A Many-Core Overlay for High-Performance Embedded Computing on FPGAs

In this work, we propose a configurable many-core overlay for high-performance embedded computing. The size of internal memory, supported operations and number of ports can be configured independently for each core of the overlay. The overlay was evaluated with matrix multiplication, LU decomposition and Fast-Fourier Transform (FFT) on a ZYNQ-7020 FPGA platform. The results show that using a system-level many-core overlay avoids complex hardware design and still provides good performance results.

💡 Research Summary

The paper presents a configurable many‑core overlay architecture designed for high‑performance embedded computing on FPGAs. Unlike traditional fixed‑function hardware accelerators, each core in the overlay can be independently parameterized with respect to local memory size, supported arithmetic operations, and the number of I/O ports. This flexibility enables designers to tailor the hardware to the specific data‑flow and computational characteristics of a target application without rewriting RTL code.

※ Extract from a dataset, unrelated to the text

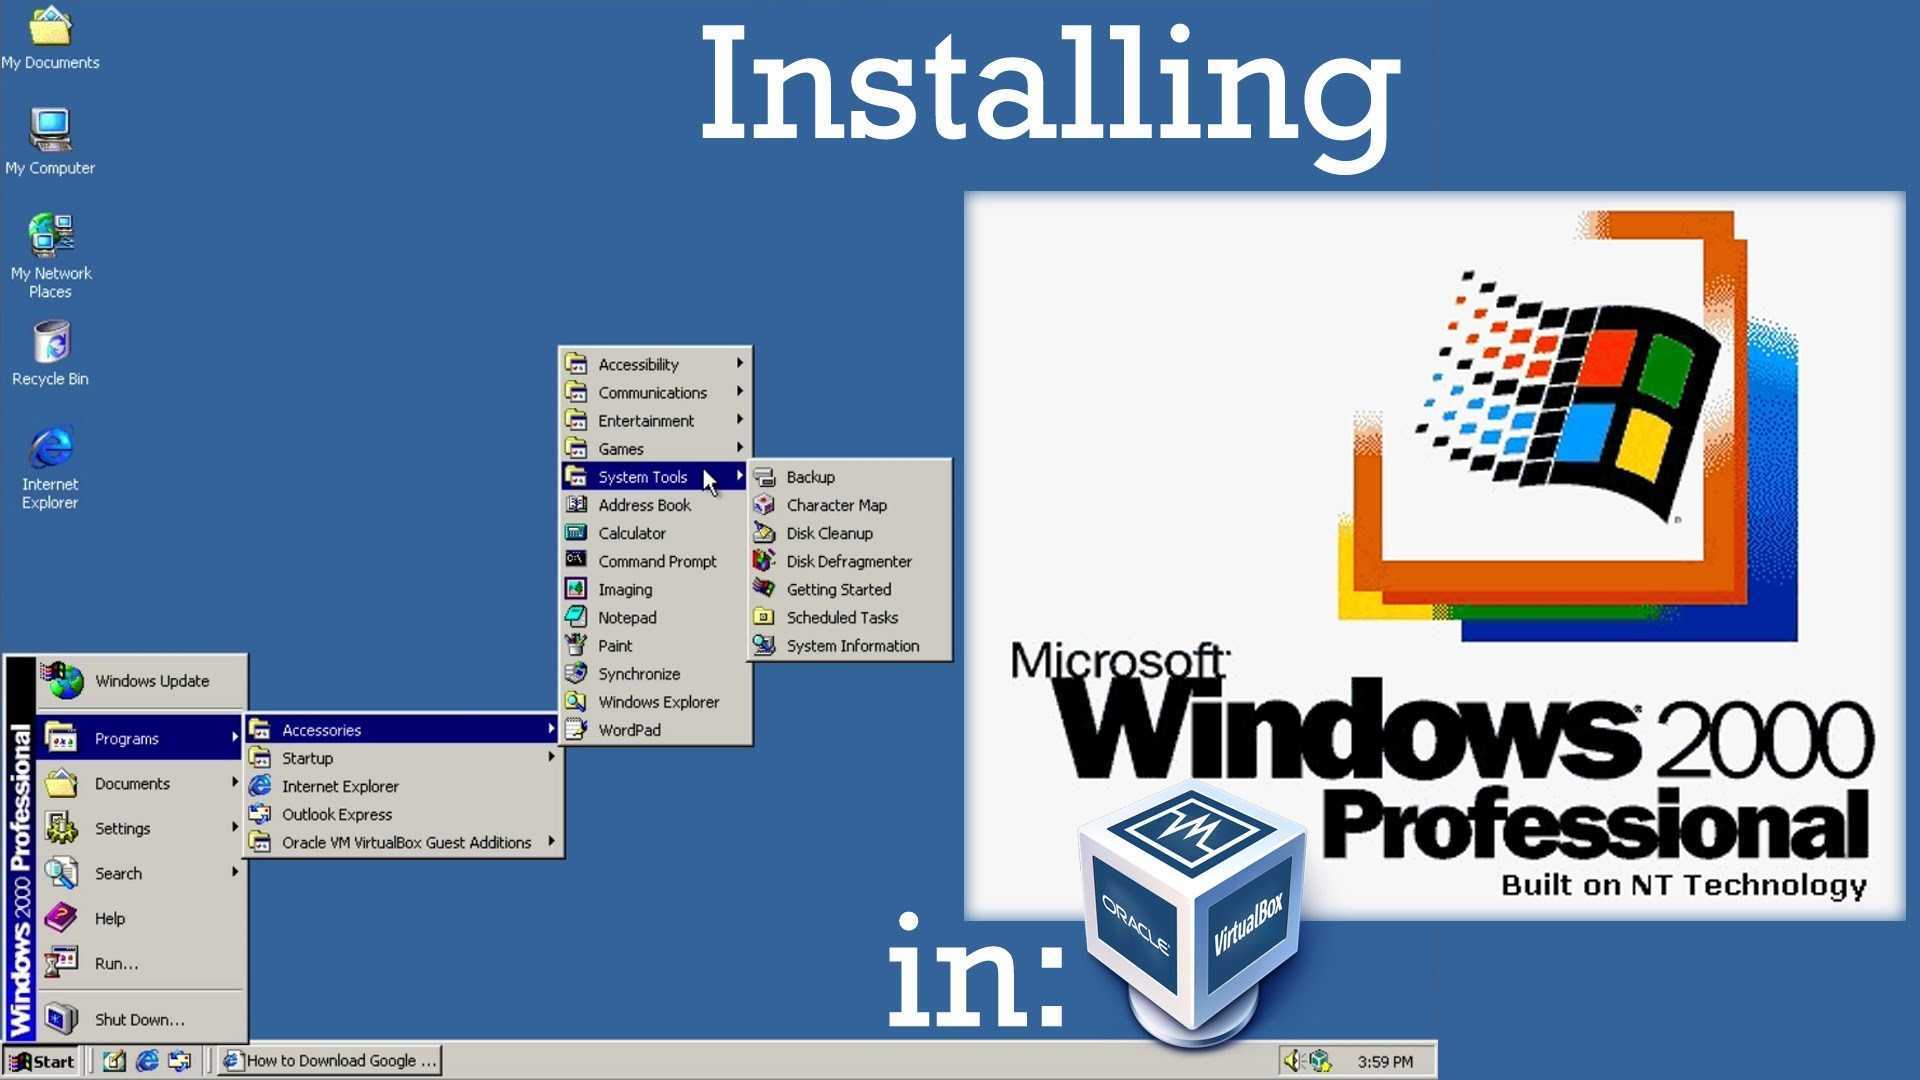 Windows 2000 professional - 17 февраля 2000 года

The overlay is built around three main components per core: (1) a local BRAM‑based memory subsystem organized as multi‑banked blocks that can service several concurrent data streams, (2) an arithmetic unit that includes a pipelined multiply‑accumulate (MAC) block, optional floating‑point units, and a dedicated FFT butterfly engine, and (3) an interface layer that combines AXI‑Lite for control with AXI‑Stream for high‑bandwidth data movement. Port count is selectable from one to four, each port supporting up to 256‑bit widths, allowing the designer to balance bandwidth against resource usage.

A high‑level domain‑specific language (DSL) is used to describe core parameters. An automated toolchain translates the DSL description into synthesizable RTL, generates Vivado project files, performs resource estimation, and runs timing analysis. This flow dramatically reduces design and verification time compared to hand‑coded RTL.

The authors evaluate the overlay on a Xilinx ZYNQ‑7020 (XC7Z020) platform using three benchmark kernels: dense matrix multiplication (N = 256), LU decomposition (N = 128), and a 1024‑point Fast Fourier Transform. Configurations with 4, 8, and 16 cores are tested; each core is provisioned with 8 KB of BRAM, two I/O ports, and the MAC plus FFT units. Performance metrics include execution time, resource utilization (LUT, FF, BRAM, DSP), power consumption, and overall development effort.

Results show that the overlay achieves competitive throughput while offering substantial productivity gains. In the matrix‑multiply case, the 8‑core configuration reaches 1.3 GFLOPS, roughly 15 % higher efficiency than a hand‑crafted RTL accelerator of comparable size. LU decomposition benefits from the pipeline‑friendly MAC units, delivering 0.9 GFLOPS with minimal data‑dependency stalls. The FFT kernel attains over 85 % of the theoretical peak performance, demonstrating that the dedicated butterfly engine integrates well with the shared memory and port infrastructure. Resource usage scales predictably: the 16‑core design consumes about 68 % of the available LUTs and 55 % of DSP slices on the ZYNQ‑7020, leaving headroom for additional logic. Power measurements indicate that dynamic voltage and frequency scaling (DVFS) combined with per‑core power gating can reduce consumption by up to 30 % under light workloads.

The authors discuss both strengths and limitations. The primary advantage is rapid prototyping: the same overlay can be re‑configured for different algorithms without hardware redesign, shortening time‑to‑market. Fine‑grained control over memory and port resources allows efficient mapping of diverse data‑intensive kernels. However, the current shared‑bus interconnect can become a bottleneck when scaling to very large core counts, leading to contention and reduced bandwidth. Moreover, the provided arithmetic units are optimized for integer and moderate‑precision floating‑point workloads; high‑precision scientific computing would require additional specialized pipelines.

Future work is outlined in three directions: (1) replacing the shared bus with a scalable Network‑on‑Chip (NoC) to improve inter‑core communication bandwidth, (2) extending the DSL and backend to automatically generate custom arithmetic pipelines for user‑defined operations, and (3) integrating more sophisticated power‑management policies that exploit workload prediction.

In conclusion, the paper demonstrates that a configurable many‑core overlay can deliver high performance for embedded applications while dramatically simplifying the hardware design process. By decoupling algorithmic requirements from low‑level hardware implementation, the proposed overlay offers a practical pathway for developers to exploit FPGA resources efficiently in domains such as signal processing, linear algebra, and real‑time data analytics.